カズヤは、布団にうつ伏せで転がっていた。


スマホの画面は真っ暗。

通知は、ない。


(……今日も、何もない)


天井を見つめる。


時間が止まっている。


いや、止まっているのは自分の方か。


夜。


家が静まり返った頃。


コツ、コツ、と階段を上る音。


カズヤは、わずかに眉をひそめた。


(……誰だよ)


コン、コン。


「……カズヤくん、起きとる?」


知らない声。


柔らかいが、遠慮がない。


「……起きてます」


久しぶりに、人に声を返した。


それだけで、少し喉が乾く。


ドアの向こうで、彼女は壁にもたれた。


「びっくりしたよねぇ。知らん女がいきなり来て」


沈黙。


「ごめんねぇ。ほんとは静かに過ごしとったのに」


……うるさくはない。


でも、引き返さない声だった。


「でもね、無理やり来たわけじゃないのよ」


カズヤは、少しだけ耳を傾けた。


「おじいちゃんに頼まれたのもあるけど……なんか、会ってみたくなって」


(……なんだそれ)


理由になってない。


でも、妙に引っかかる。


「あしたね、浅草に行くんよ」


間。


「もしよかったら、一緒に行かへん?」


沈黙。


でも今度の沈黙は、“拒絶”じゃなかった。


ベッドが、わずかに軋む。


カズヤは、ゆっくりとドアに近づいた。


そして――


カチャ。


ほんの少しだけ、開けた。


隙間から見えたのは、

知らない女の顔。


でも、不思議と嫌じゃなかった。


「……なんで、そんなに優しくするんですか」


久美子は、あっけらかんと笑った。


「優しくしとるつもり、ないけどね」


「……」


「昔ね、わたしもしんどい時があってさ。

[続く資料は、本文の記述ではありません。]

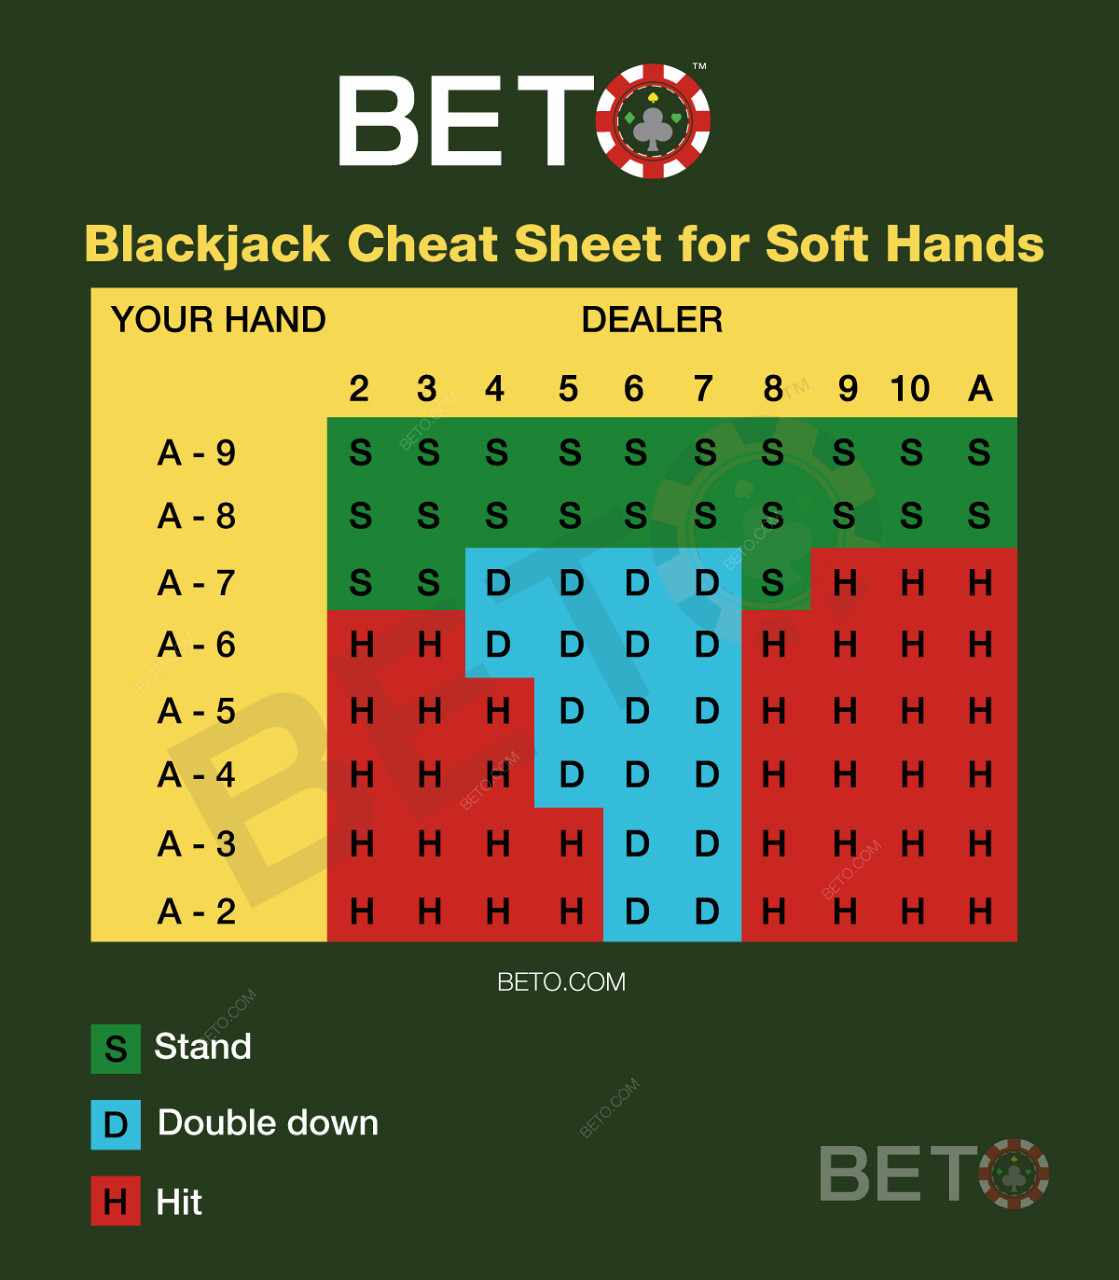 Blackjacková tabuľka pre soft-hands v blackjacku
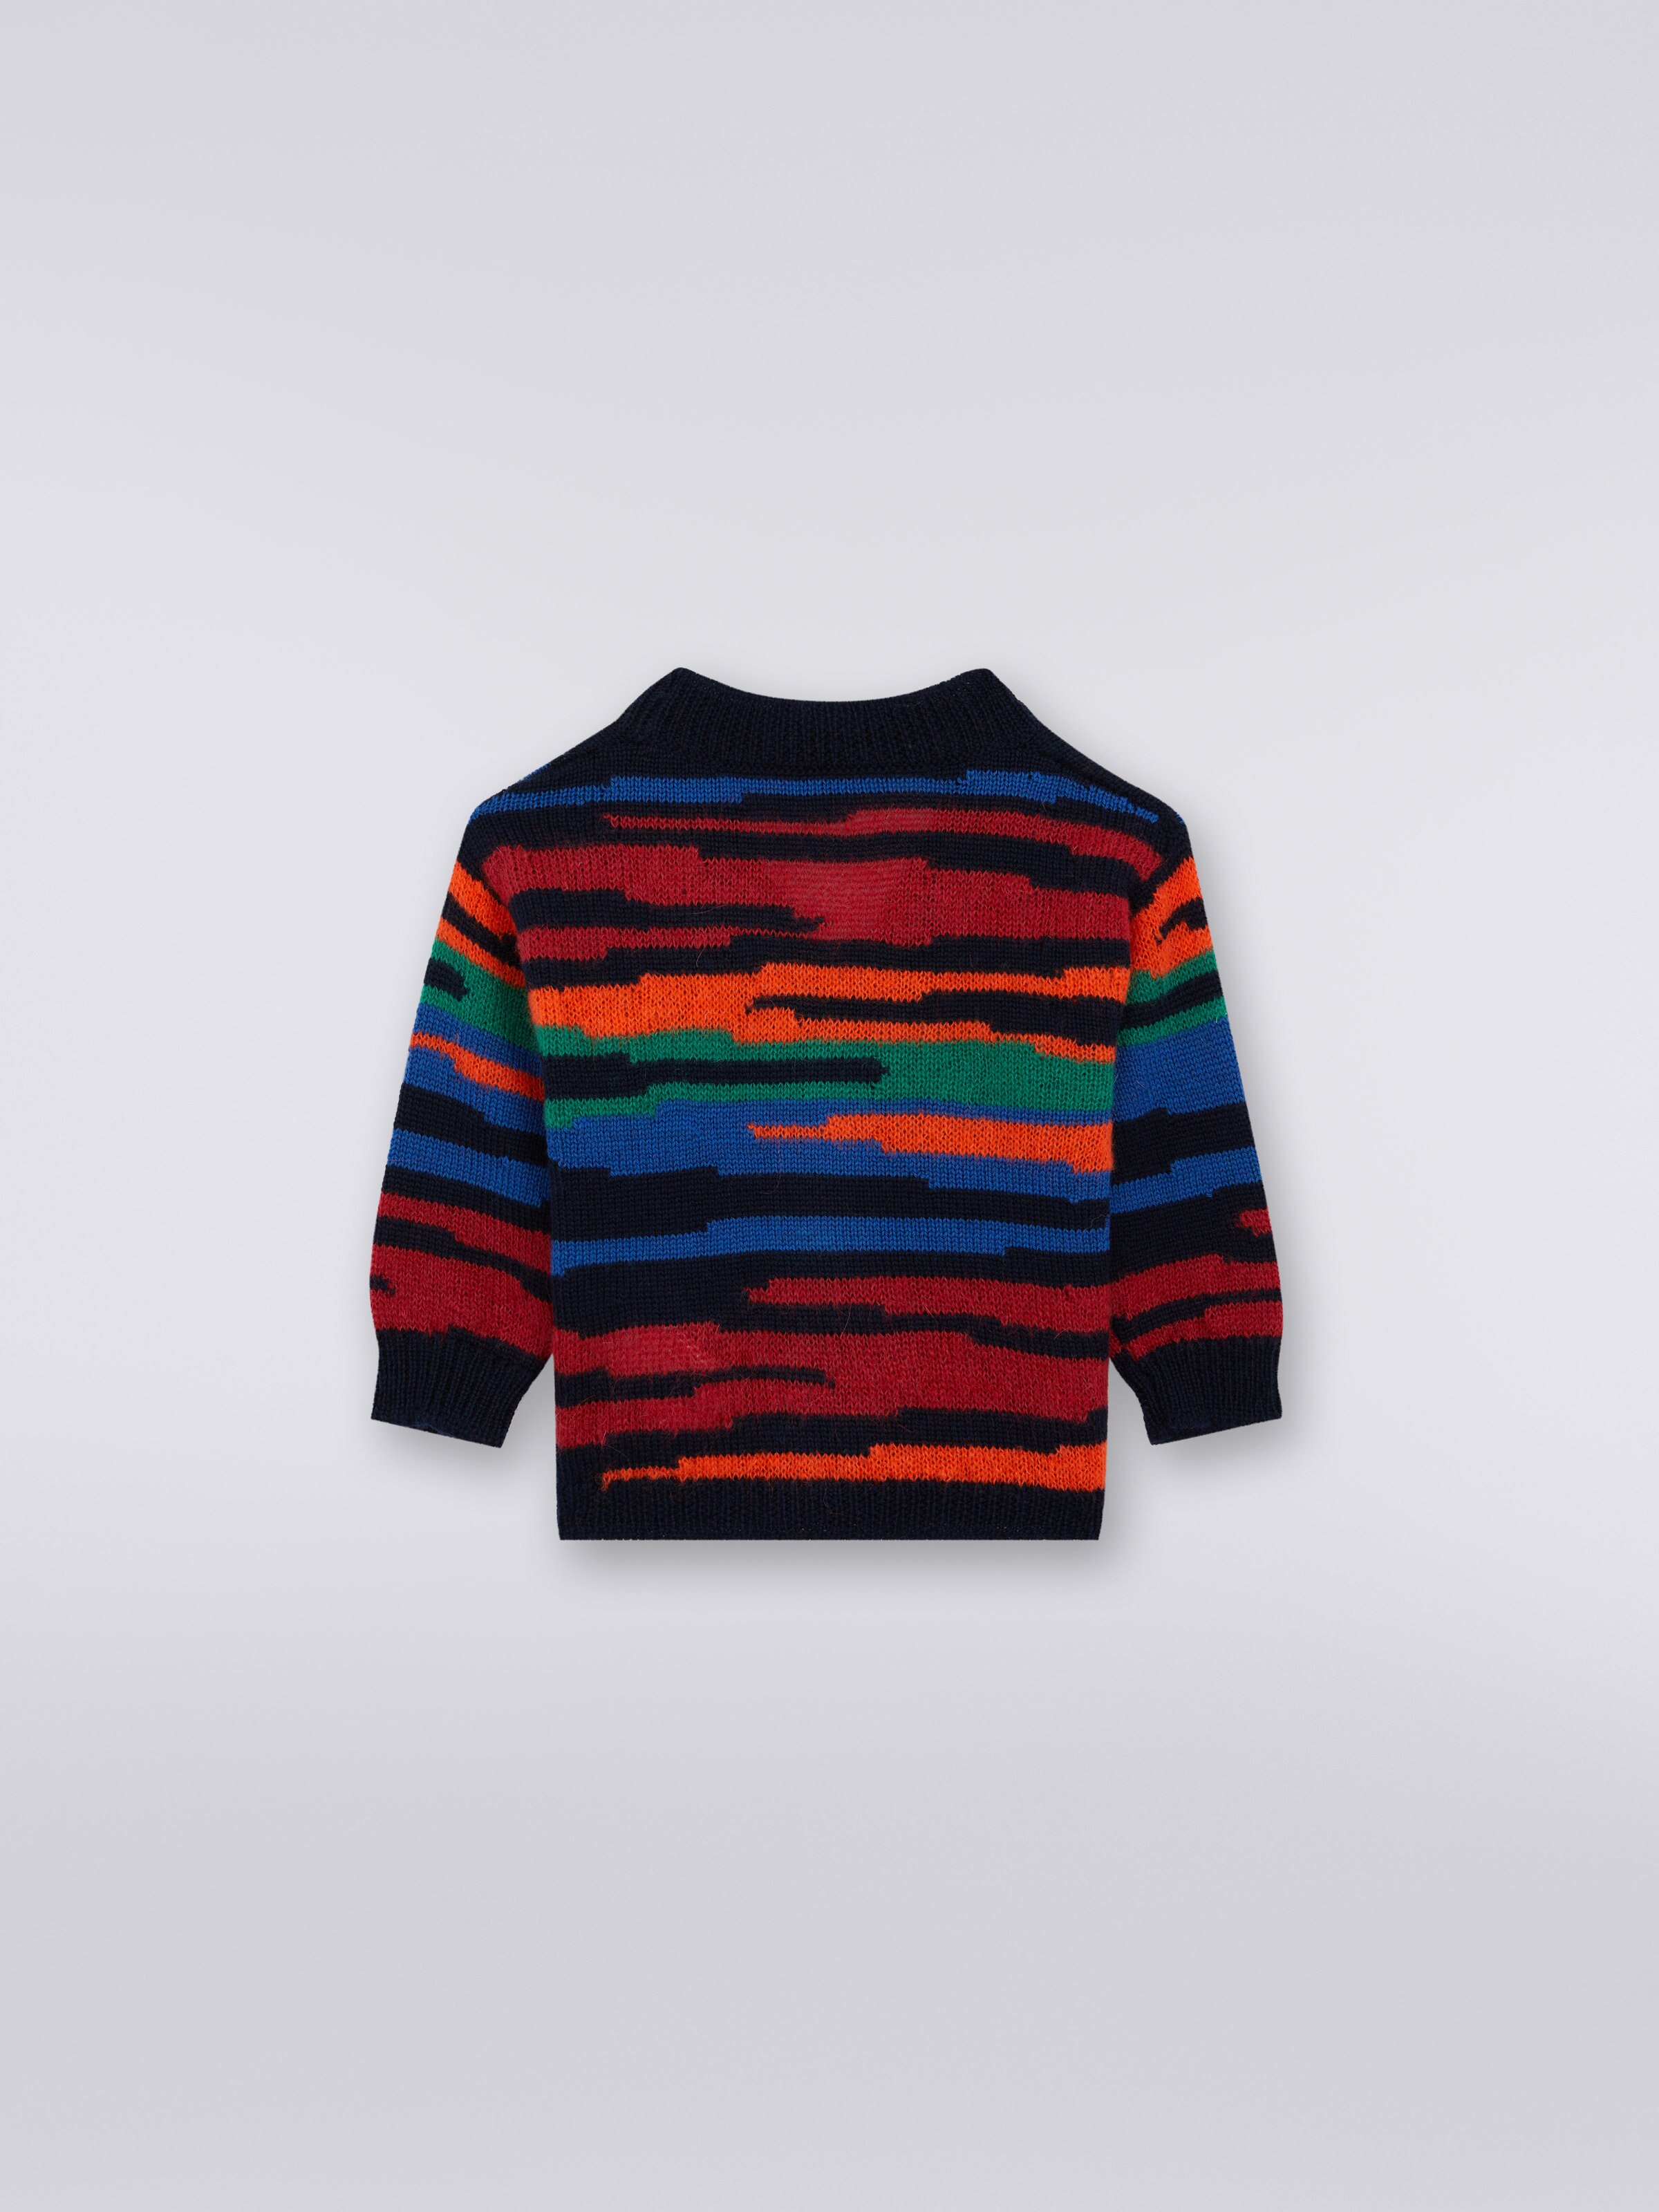 Slub wool knit cardigan, Multicoloured  - 1

助けてもらったんよ」


少しだけ、目が柔らかくなる。


「そのお返しかな」


カズヤは、言葉を探した。


でも出てきたのは、別の言葉だった。


「……僕なんかといて、嫌じゃないですか」


久美子は、即答した。


「損得で動くなら、こんなとこ来とらんわ」


バッサリである。


だが、不思議と刺さらなかった。


むしろ、少し軽くなった。


「朝8時、リビングにおるでね」


彼女は立ち上がる。


「来るも来んも、自由。無理せんでええよ」


足音が遠ざかる。


静寂。


カズヤは、しばらくその場に立っていた。


ドアは、半分開いたまま。


廊下の灯りが、細く差し込んでいる。


「……俺のことなんか、誰も見てなかったのに……」


ぽつりと呟く。


その時だった。


階段の下。


アイゼンハワードが、静かに紅茶を飲みながらつぶやいた。


「人ってのはな、見とる奴は見とるもんだ」


誰に言うでもなく。


ただ、聞こえるか聞こえないかの声で。


二階のドアは、ほんの少しだけ昨日より、開いていた。